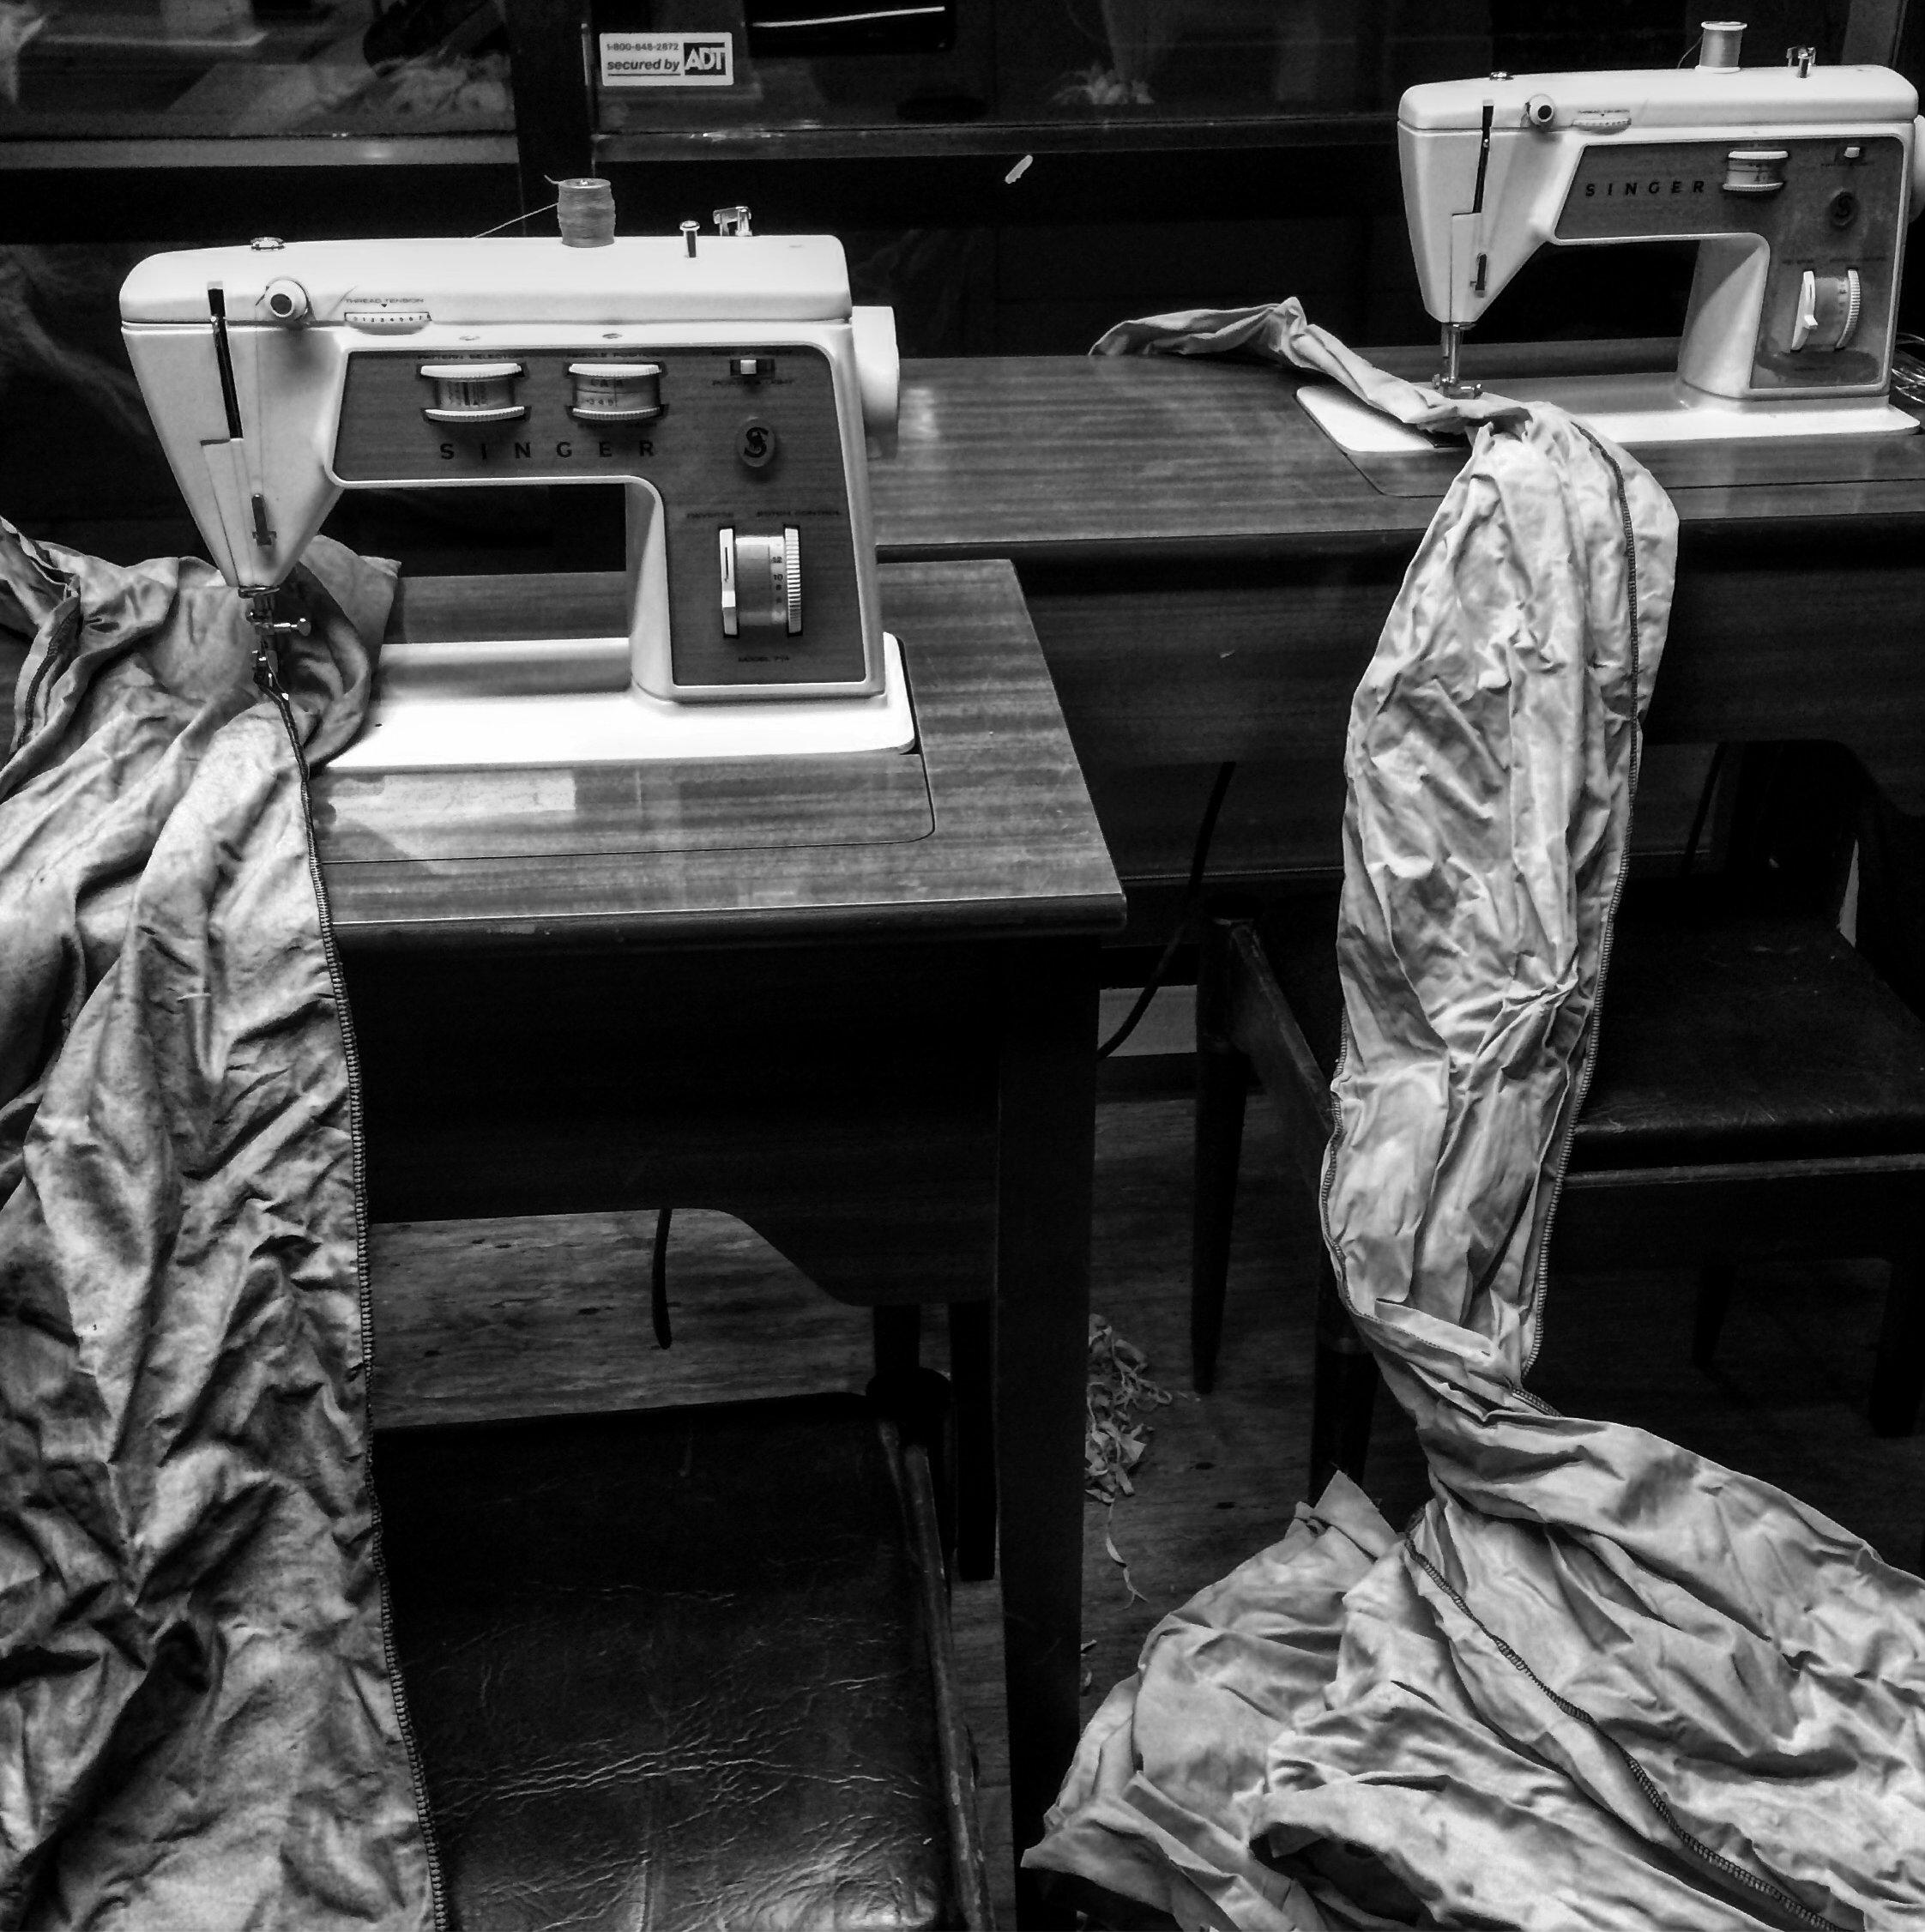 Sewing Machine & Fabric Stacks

....

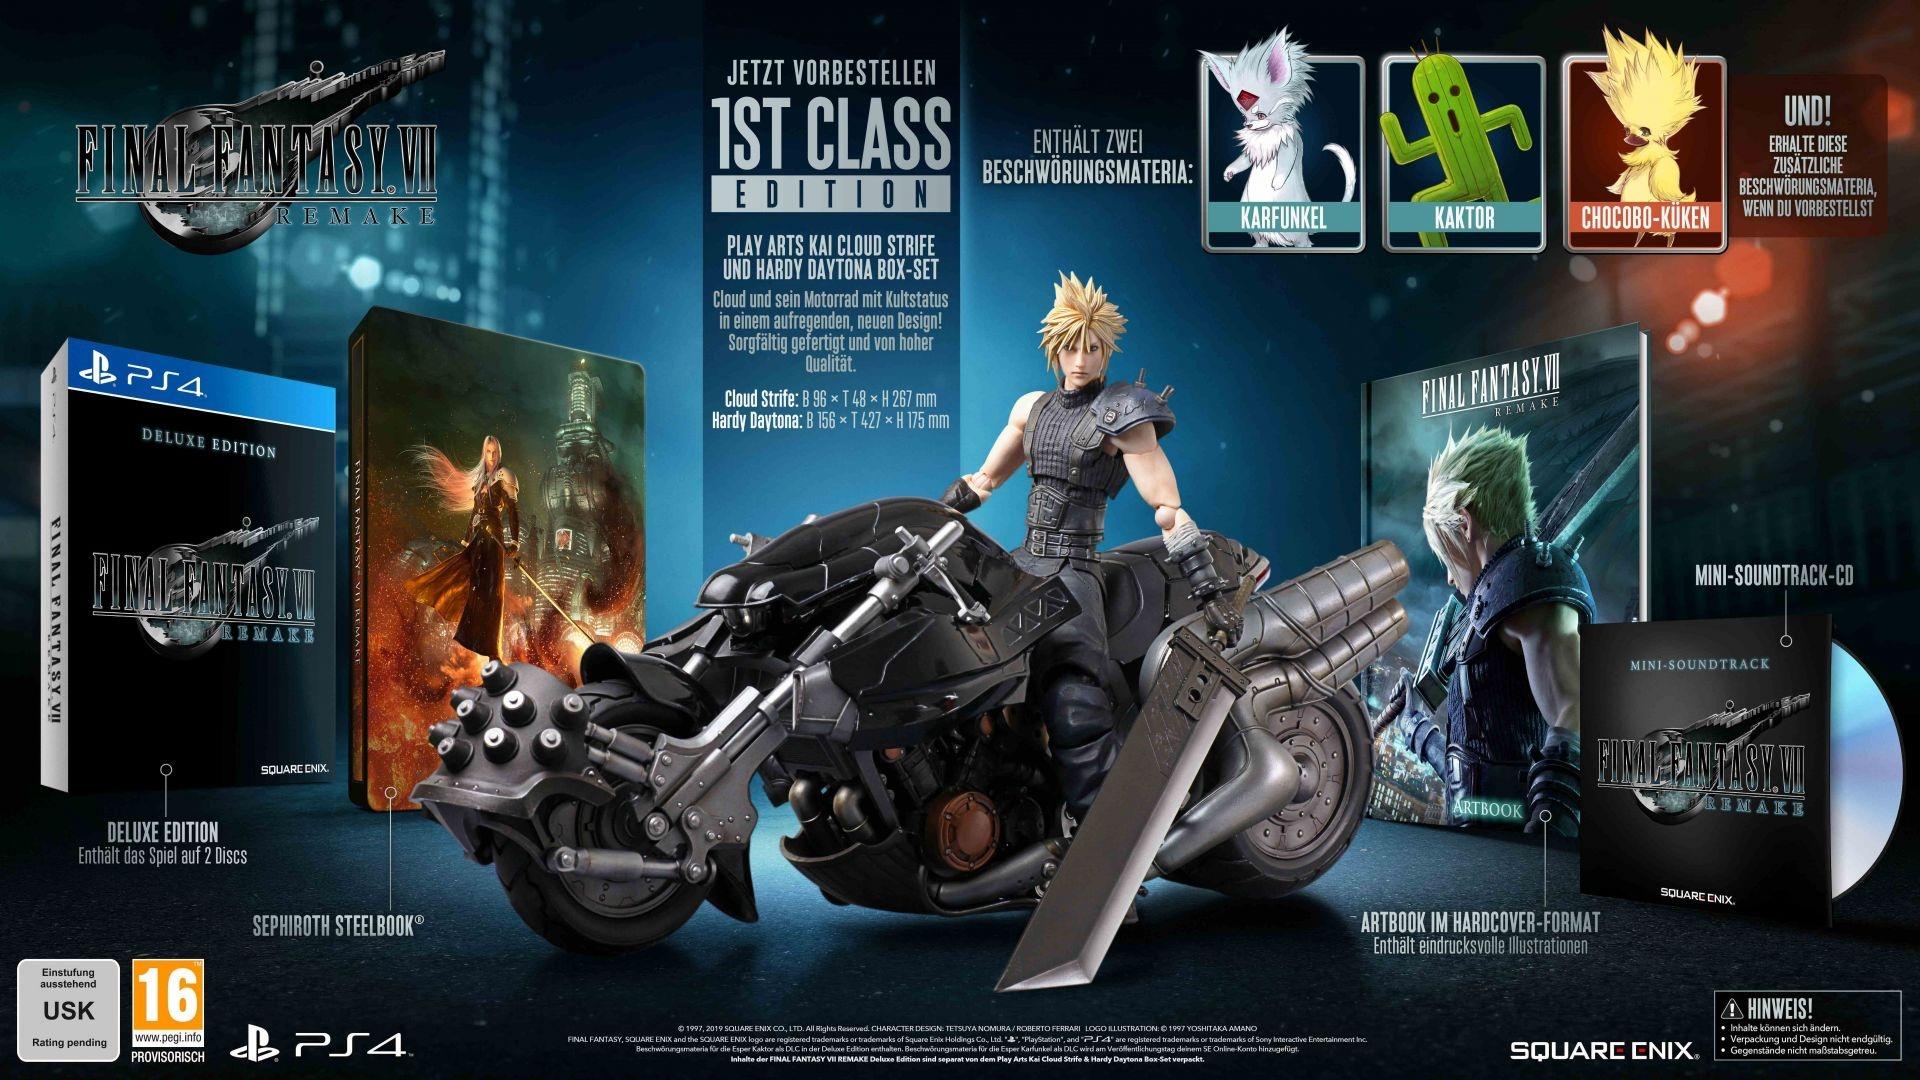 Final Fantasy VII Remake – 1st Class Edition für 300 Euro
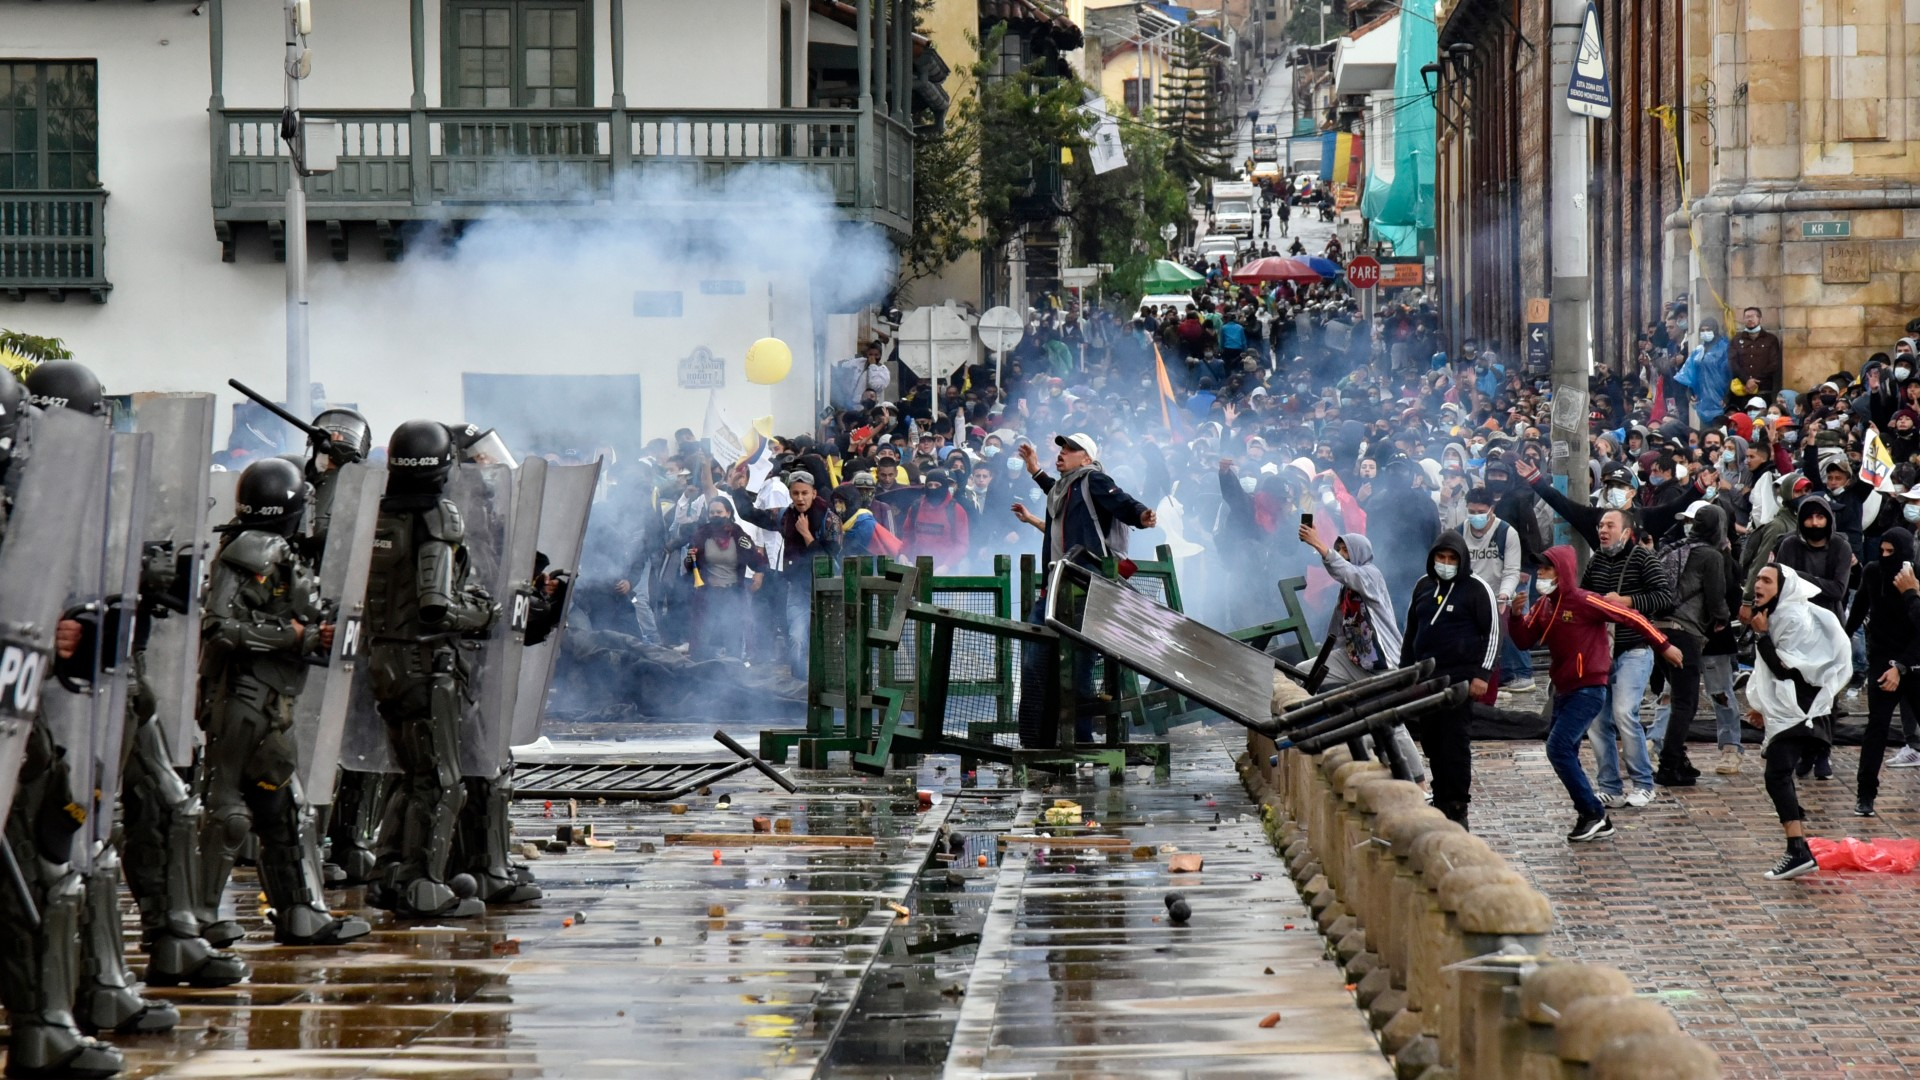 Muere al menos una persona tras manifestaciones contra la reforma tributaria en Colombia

....

A clean copy is needed of the lines above from the one with "Final Fantasy VII" up to and including the one with "Muere al menos". Please set it down exactly, with no pictures.

▶ TASK RESULT
 Final Fantasy VII Remake – 1st Class Edition für 300 Euro
 Muere al menos una persona tras manifestaciones contra la reforma tributaria en Colombia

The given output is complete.